I cannot figure out why I get different values for slope, intercept, and r2 values from excel vs. scikit learn (or scipy.stats!). This is a very simple linear regression, literally six "x" values and six "y" values. I use Excel all the time for regression, but can't figure out why the numbers don't match.
import numpy as np
from scipy import stats as stats
my_ys = [0, 0.700287879, 1.475575758, 2.266727273, 2.973575758, 3.749106061]
my_xs = [0, 2.5, 5, 7.5, 10, 12.5]
array_y = np.array(my_ys)
array_x = np.array(my_xs)
slope, intercept, rvalue, pvalue, stderr = stats.linregress(array_x, array_y)
my_r2 = rvalue**2
print("r2 = ", my_r2)
print("intercept is: ", intercept)
print("slope is: ", slope)
Produces:
r2 = 0.9997292041335445
intercept is: -0.021731601619047636
slope is: 0.3012176623657143
Similarly:
from sklearn.linear_model import LinearRegression
import numpy as np
my_ys = [0, 0.700287879, 1.475575758, 2.266727273, 2.973575758, 3.749106061]
my_xs = [0, 2.5, 5, 7.5, 10, 12.5]
array_y = np.array(my_ys)
array_x = np.array(my_xs).reshape((-1,1))
#create the model
my_model = LinearRegression().fit(array_x, array_y)
#find the fit
r2_of_standard_regression = my_model.score(array_x, array_y)
#give the intercept or b value of the regression
b_intercept_of_standard_regression = my_model.intercept_
#give the slope or m of the y=mx b
m_slope_of_standard_regression = my_model.coef_
print("r2 = ", r2_of_standard_regression)

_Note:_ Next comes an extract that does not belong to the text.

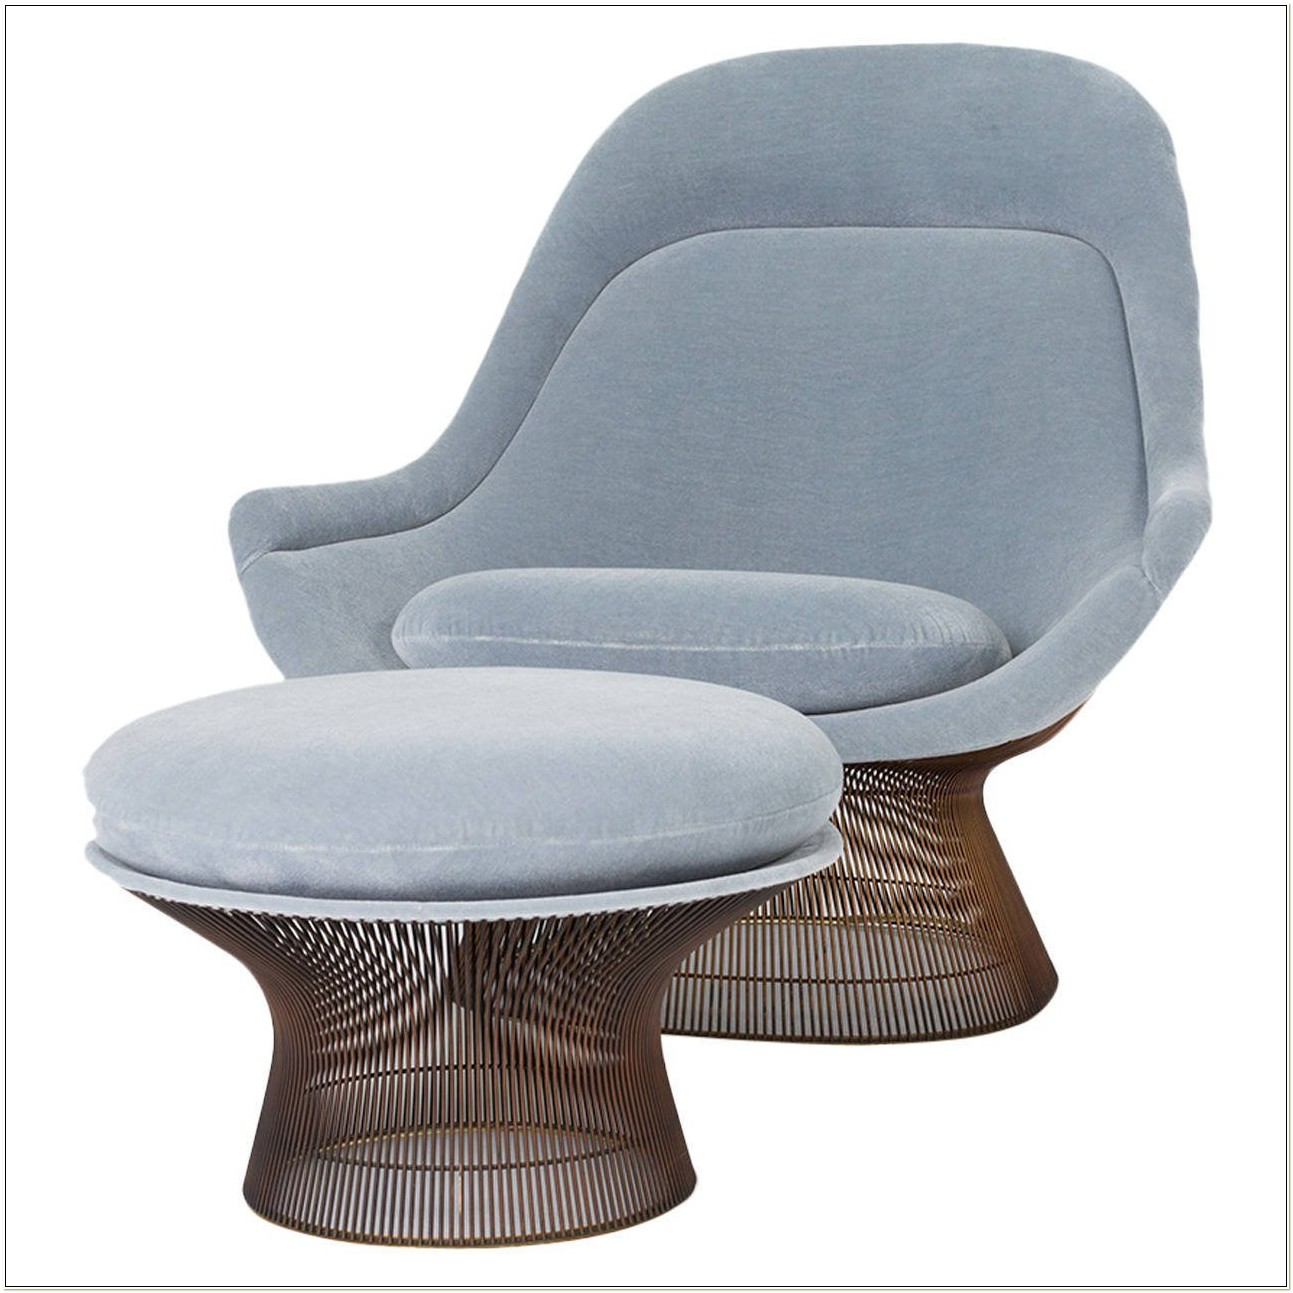 Warren Platner Lounge Chair And Ottoman

print("intercept is: ", b_intercept_of_standard_regression)
print("slope is: ", m_slope_of_standard_regression)
Produces:
r2 = 0.999729204133545
intercept is: -0.021731601619047636
slope is: [0.30121766]
However, when I use Excel (either Linest, or just a fit to a scatter plot), I get different values:
CodePudding user response:
Maybe it's because Excel, by default, uses up to maximum of 100 iterations, or a maximum change of 0.001. Changing the latter to 0.0001 (or less) would probably solve your problem. BTW, I'm using LibreOffice and its results are the same as python. Also, from the attached picture, it seems y value for x=7.5 ,10 ,12.5 may differ, albeit slightly, from the values given in your python code, unless they're shortened because of your cell width size.